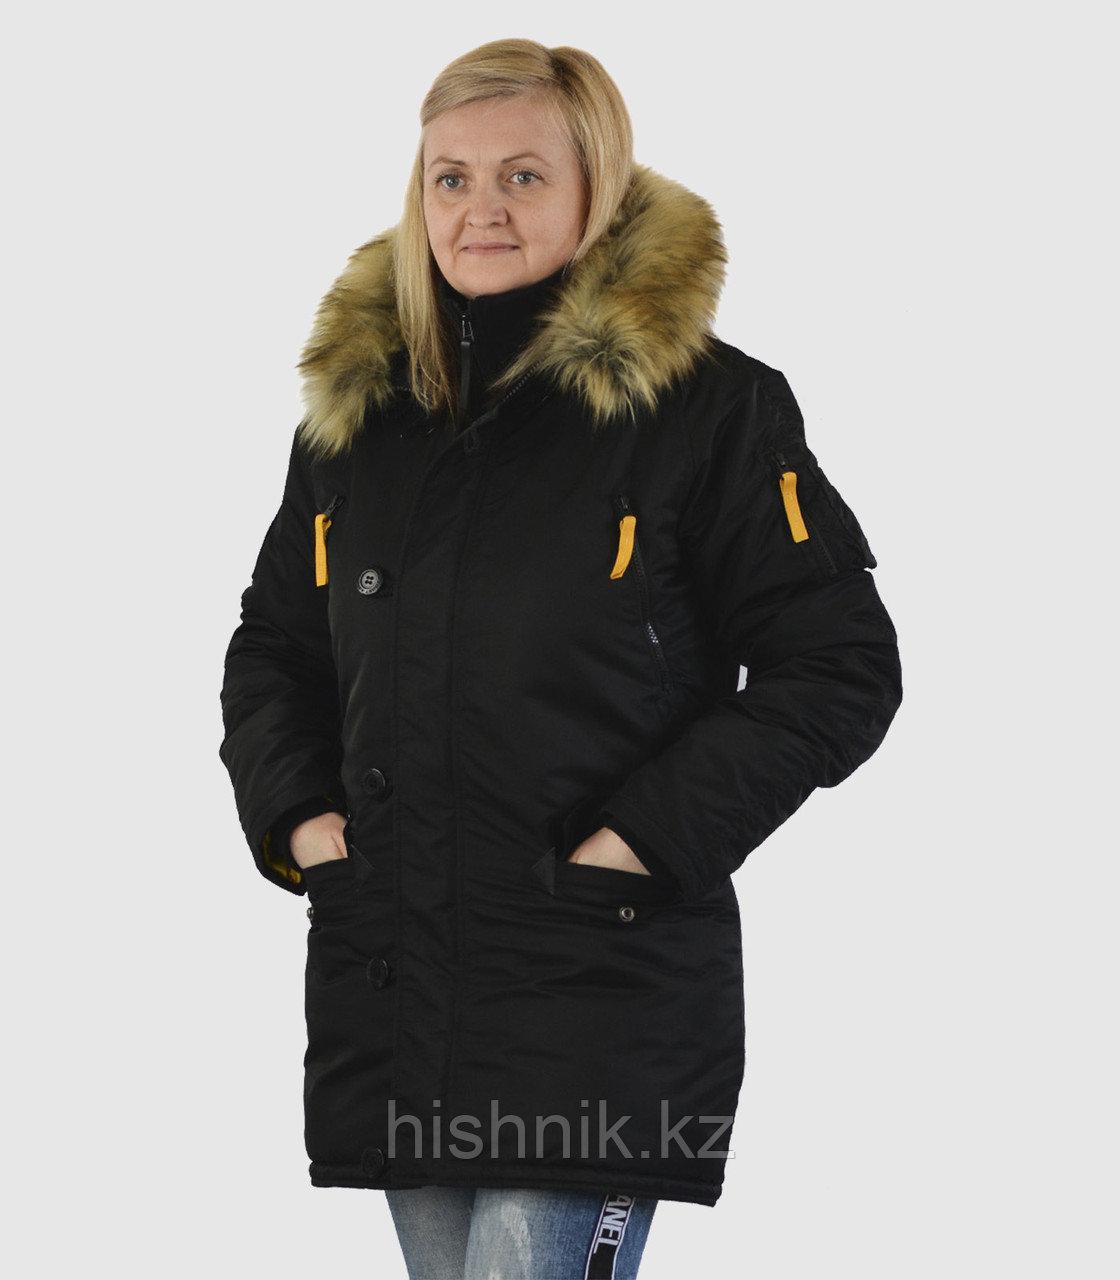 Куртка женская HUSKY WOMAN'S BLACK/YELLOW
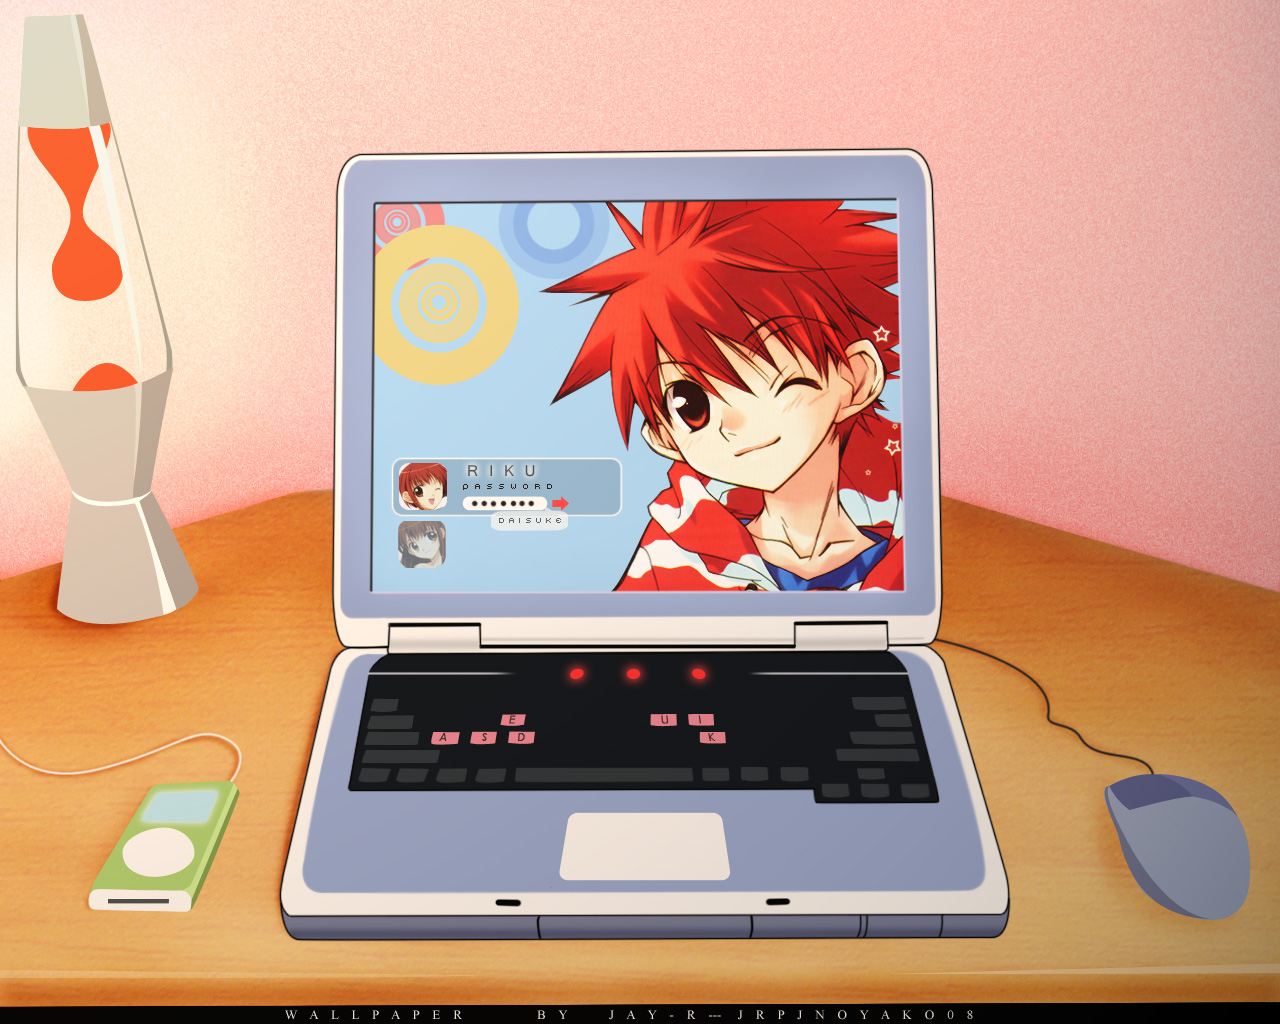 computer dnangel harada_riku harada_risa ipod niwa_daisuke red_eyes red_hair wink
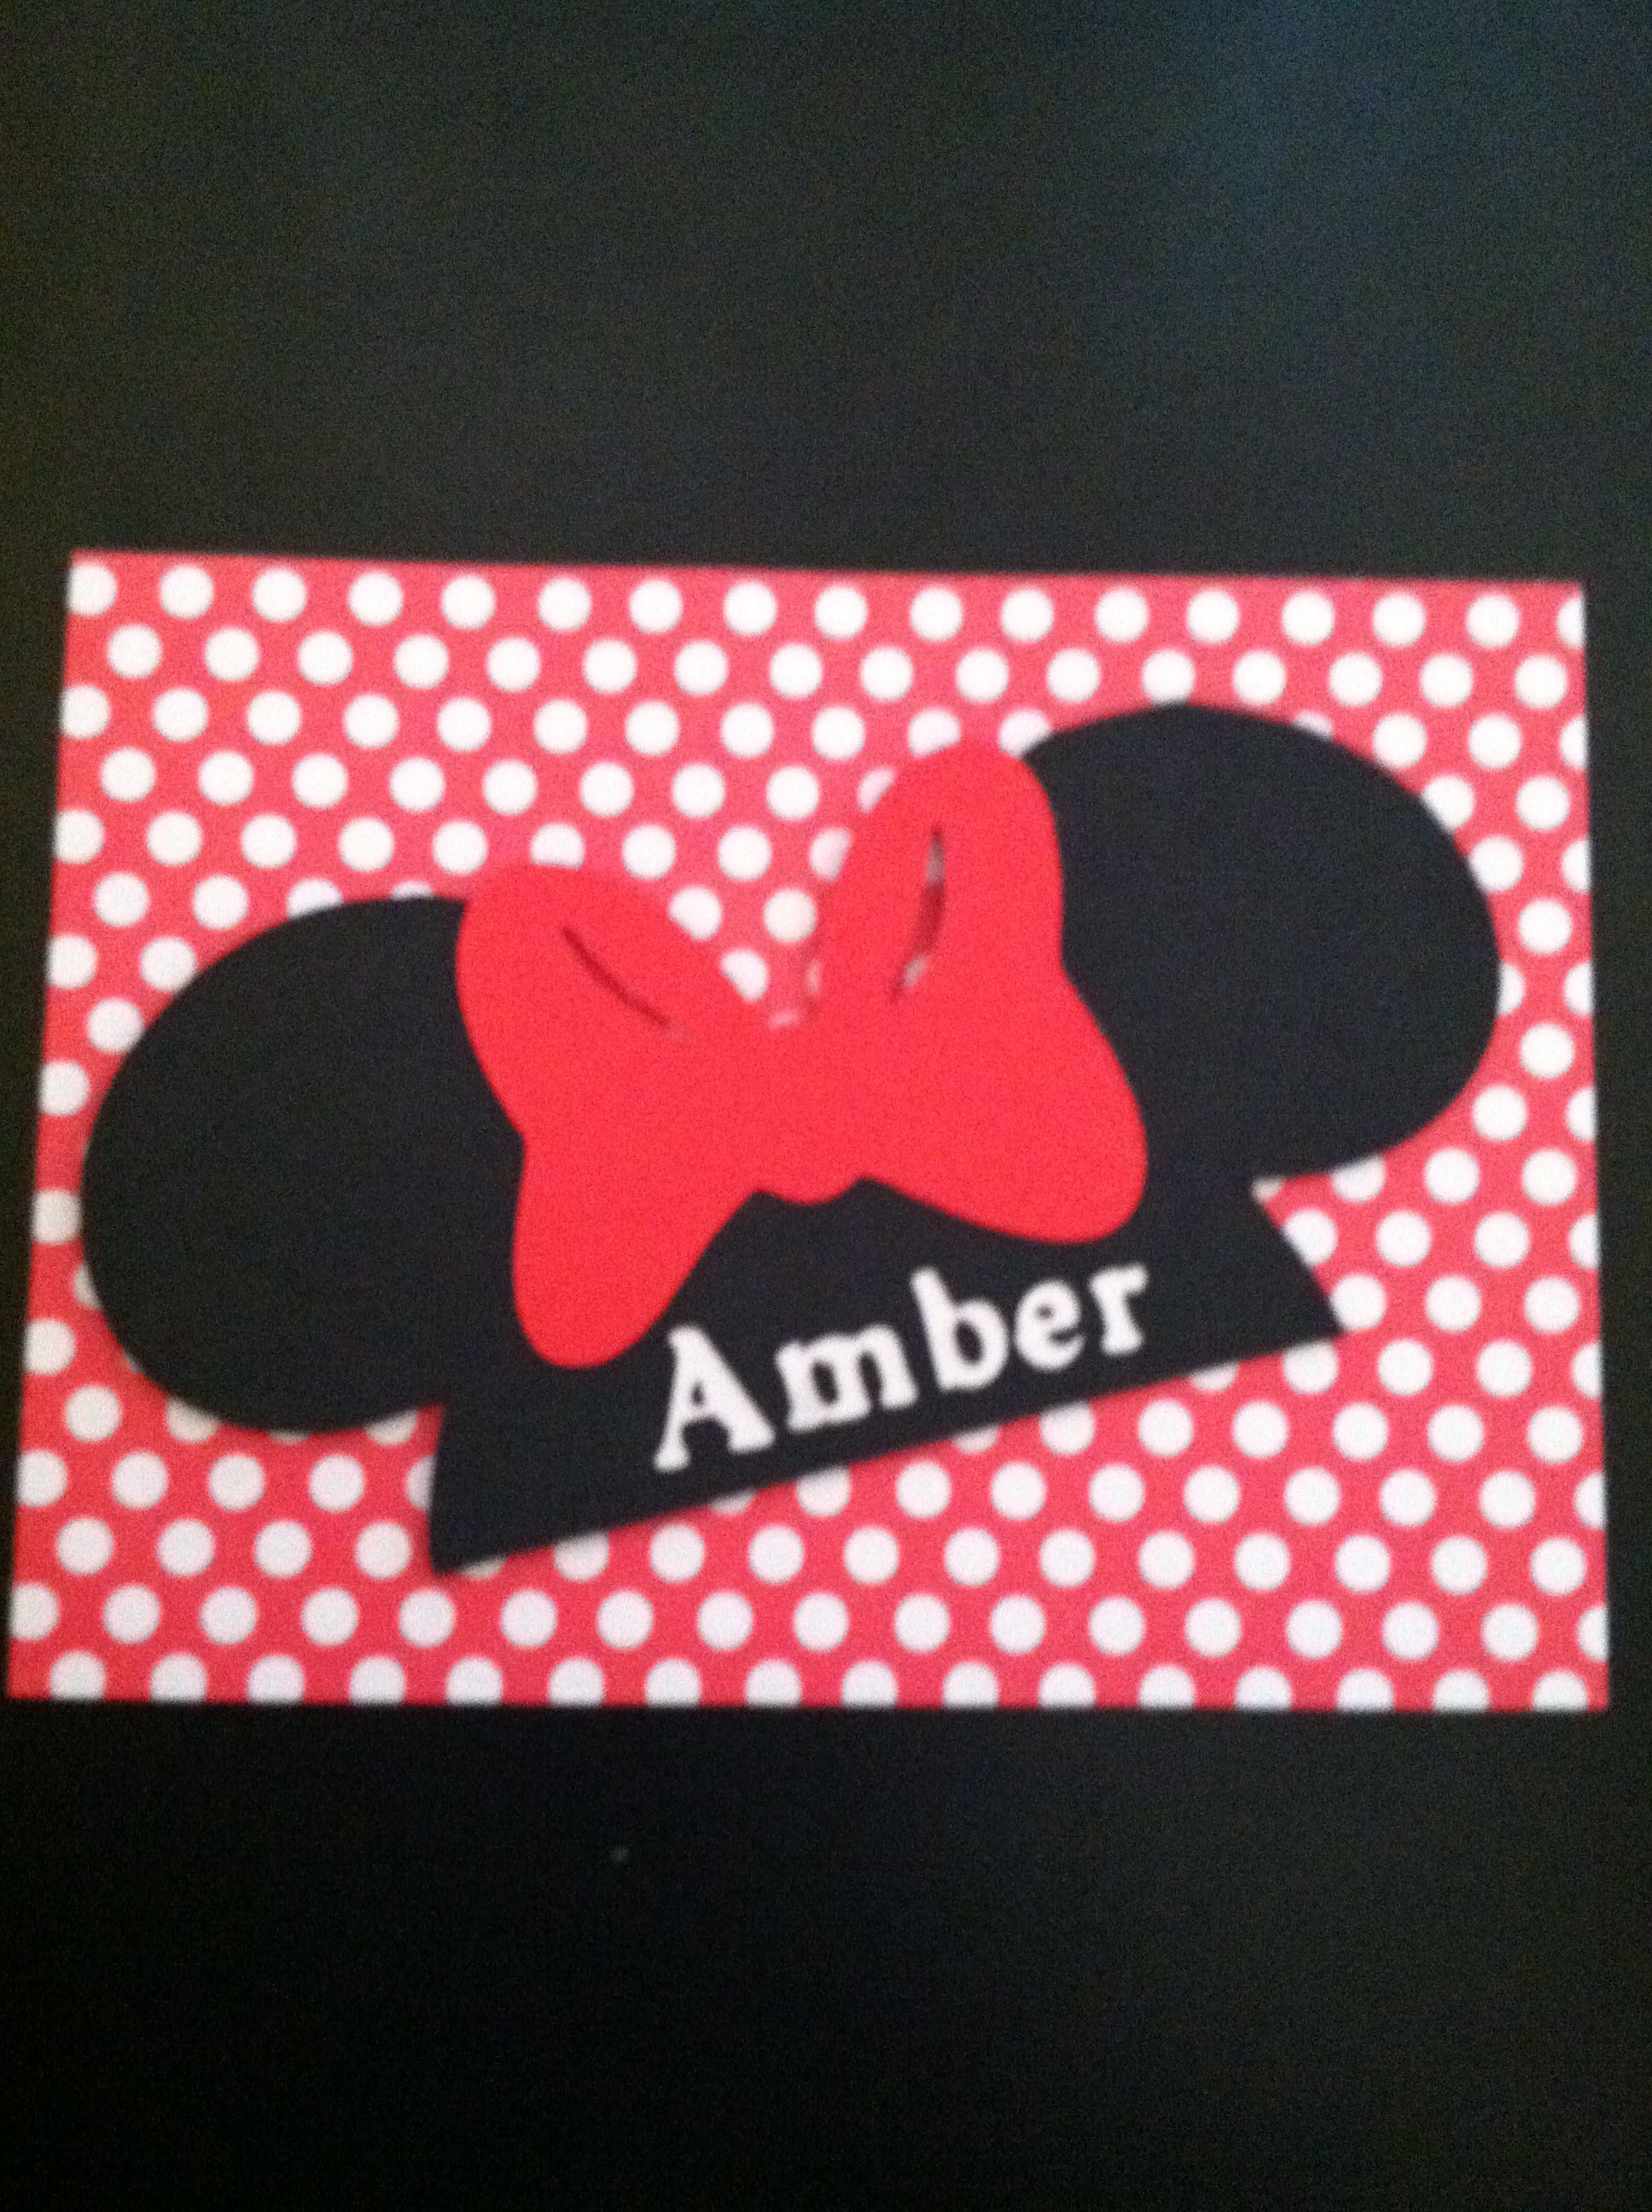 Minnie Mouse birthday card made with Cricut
═══
Your copy should hold exactly the lines from the line bearing "computer dnangel harada_riku" through the end of the data, both included, and no pictures or anything further.

 computer dnangel harada_riku harada_risa ipod niwa_daisuke red_eyes red_hair wink
 Minnie Mouse birthday card made with Cricut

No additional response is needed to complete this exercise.